((

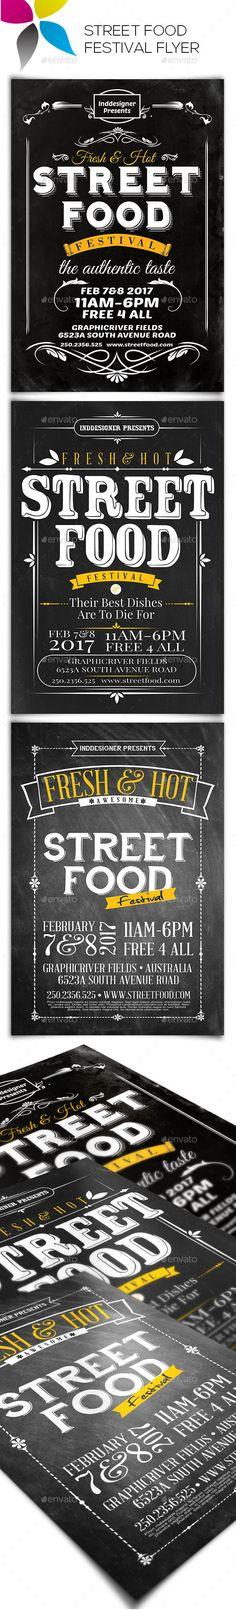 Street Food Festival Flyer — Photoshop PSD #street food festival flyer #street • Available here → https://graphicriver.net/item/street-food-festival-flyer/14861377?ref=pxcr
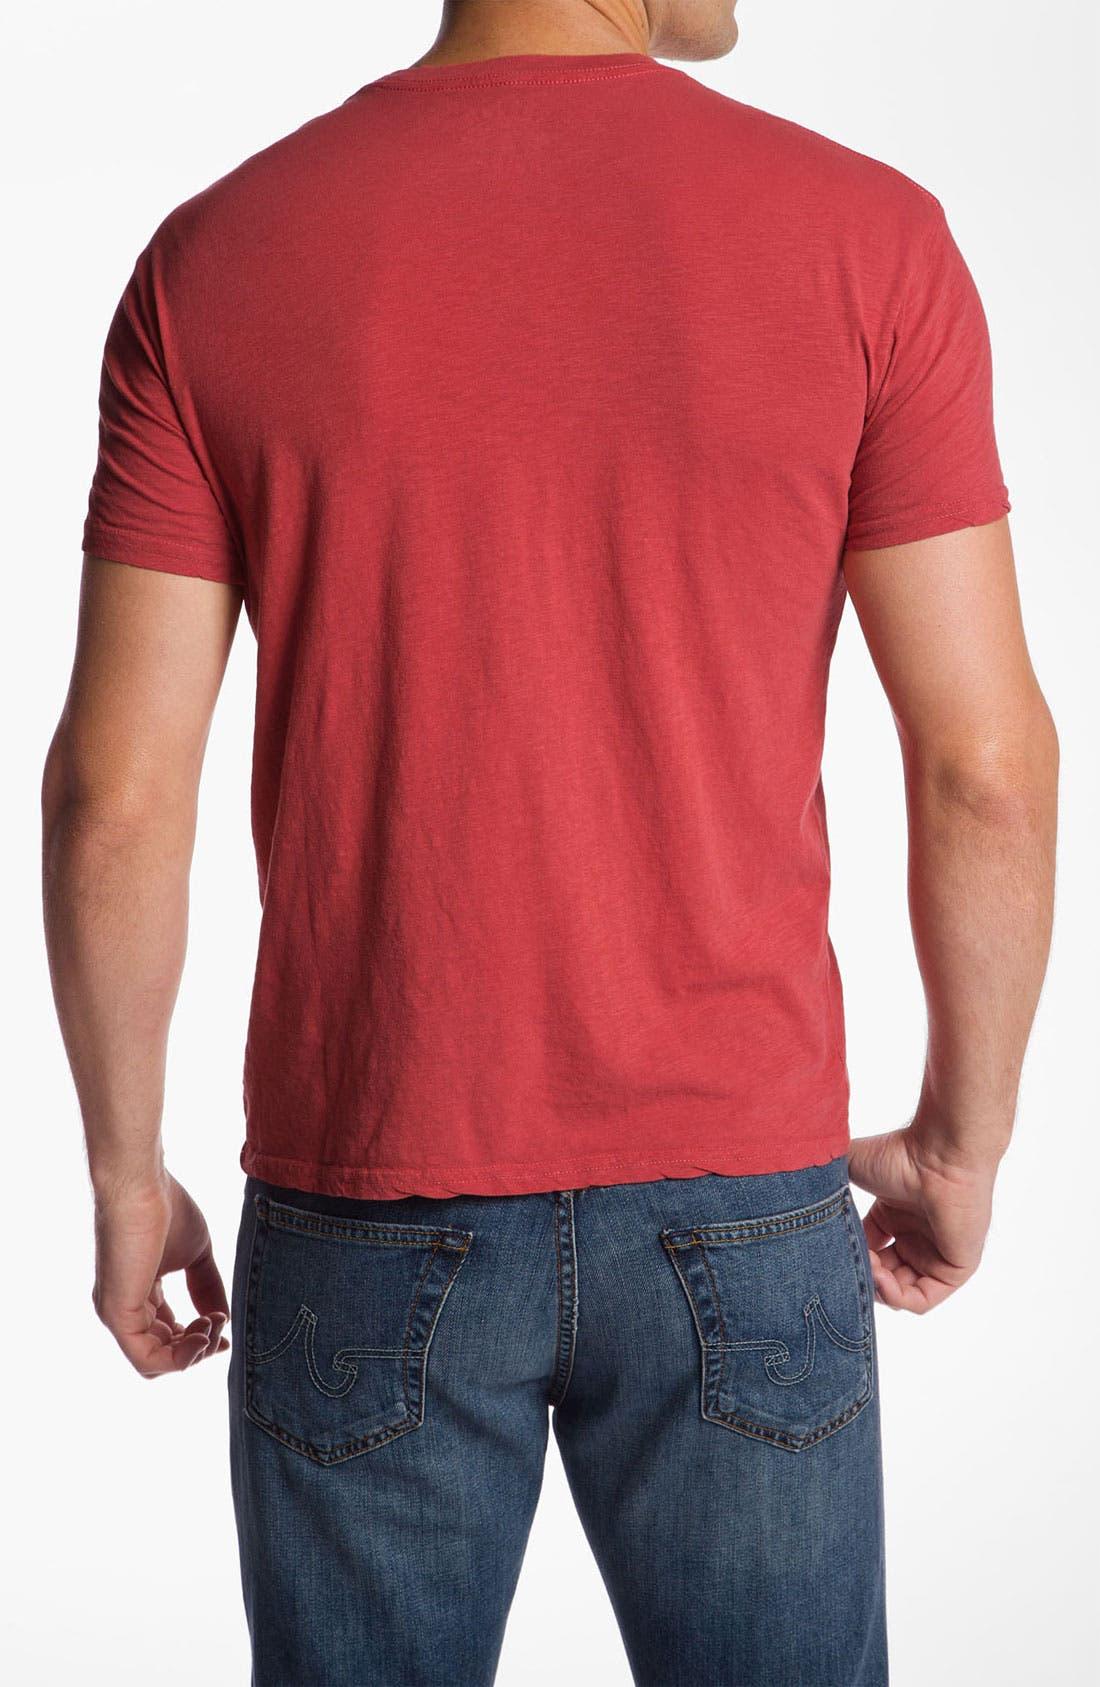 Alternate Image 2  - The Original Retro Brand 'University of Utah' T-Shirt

))
((

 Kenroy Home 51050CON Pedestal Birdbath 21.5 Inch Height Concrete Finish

))

» **PROBLEM STATEMENT**
Your answer must be the lines above from the one holding "Street Food Festival Flyer —" up to and including the one holding "Alternate Image 2", exact and with no pictures.

» **PROBLEM SOLUTION**
 Street Food Festival Flyer — Photoshop PSD #street food festival flyer #street • Available here → https://graphicriver.net/item/street-food-festival-flyer/14861377?ref=pxcr
 Alternate Image 2  - The Original Retro Brand 'University of Utah' T-Shirt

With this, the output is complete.